Unlock Editor’s Digest Lock for Free
FT editor Roula Khalaf will select your favorite stories in this weekly newsletter.
Swiss inflation has fallen into negative territory for the first time in four years, promoting a bet that the country will return to interest rates below zero to stop a sluggish deflation and curb a rising currency.
Data released Tuesday showed that annual inflation rate was 0.1% in May, with air transport and accommodation prices among people dragged by the consumer price index. Prices rose 0.1% per month.
Traders have increased their bets in recent months to cut interest rates below zero to slow inflation and address the surge in value of the Swiss franc, the currency of the shelter that investors bought as a shelter from the trade war by US President Donald Trump.
Franc is one of the most performant major currencies this year, up nearly 11% against dollars and overtaking buddies such as the euro and pound. This has brought the greenback closer to SFR 0.80 in recent weeks since the shocking rating at Franc in 2015.
Stronger francs reduce Swiss inflation by reducing import costs.
Mike Riddell, Fund Manager at Fidelity, said the signs of deflation would “have allergic to SNB to the Swiss franc’s thanks,” and said prices could deteriorate.
He predicted that “more upward currencies pressure” would likely lead to central banks intervention in the Forex market as it weakens the currency. SNB targets inflation rates from zero to 2%.
It risked causing the White House rage, which added Switzerland to the list of “currency manipulators” in the final week of Trump’s first presidency. It was later removed from the list under the Joe Biden administration.
“It’s a sensitive situation where they are,” said Daniel Kalt, Switzerland’s chief investment officer at UBS Global Wealth Management. “While you are undergoing these trade consultations with the US, you don’t want to be recognized as a currency manipulator.”
Fran’s path is extremely important, the Cult said, “I’ve never even seen the whole pass-through” from recent strength to consumer prices.

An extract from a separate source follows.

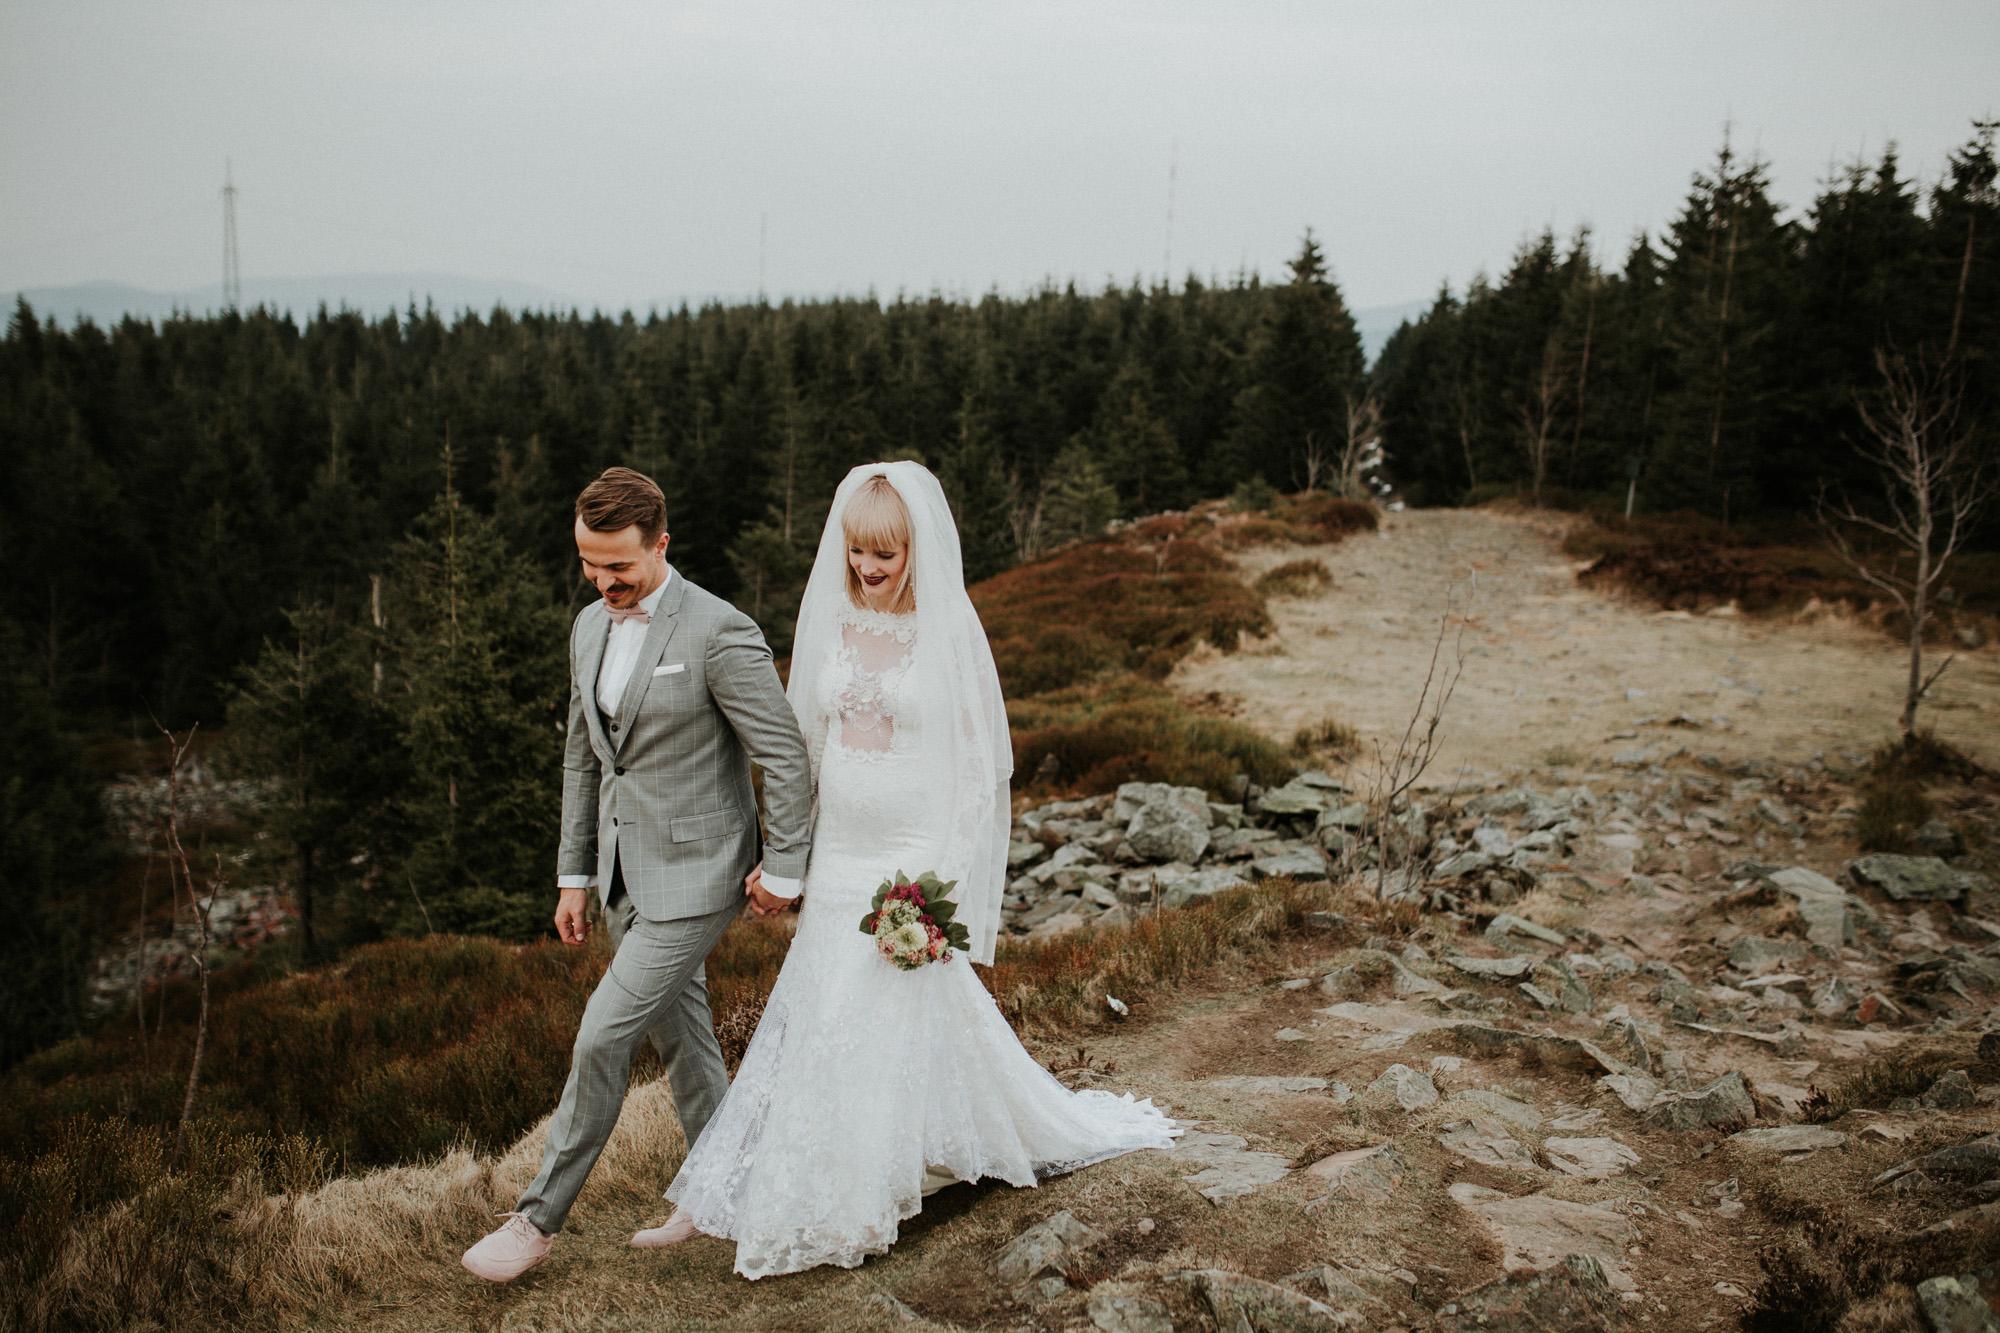 DanielaMarquardtPhotography_Hochzeitsfotograf_Düsseldorf_Köln_Mallorca_Bayern_Austria_Harz_LinaundMaik_Afterwedding-Shooting_Weddingphotographer_Ibiza_Tuskany_Italien_Toskana1
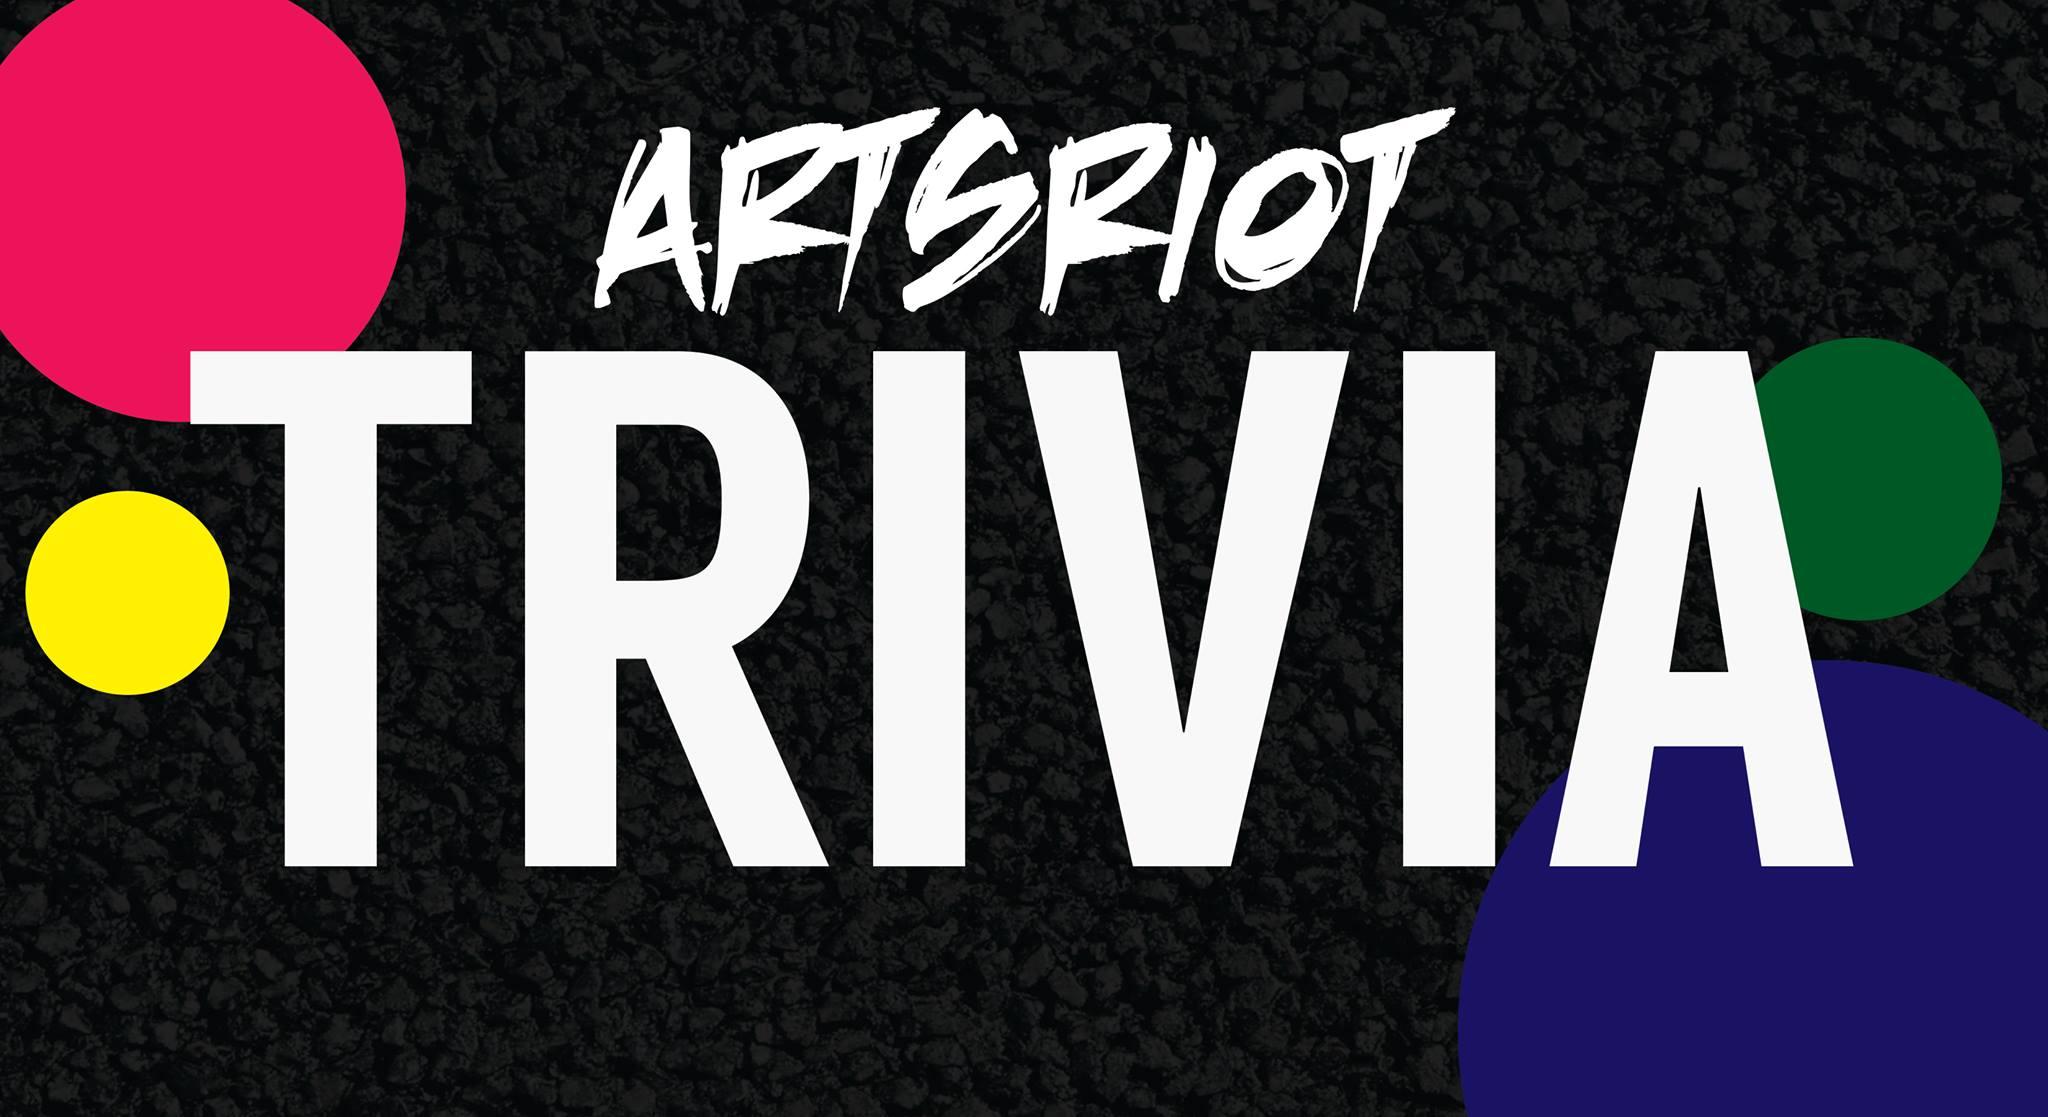 trivia artsriot

Switzerland has historically tried to curb the currency. It is considered a shelter for financial markets due to the relative political and economic stability of the country.
SNB held interest rates below zero for eight years before returning to Plus Territory in 2022, building a vast portfolio of international assets through currency interventions.
The market is currently priced at two quarters of rate reductions before the December SNB meeting, with a policy rate of 0.25%. One of them is scheduled to compete in the meeting later this month.
The two-year Swiss government bond yield fell to minus 0.24% on Tuesday, reaching its lowest in three years. It will earn up to six years of revenue on Tuesday with maturity below zero.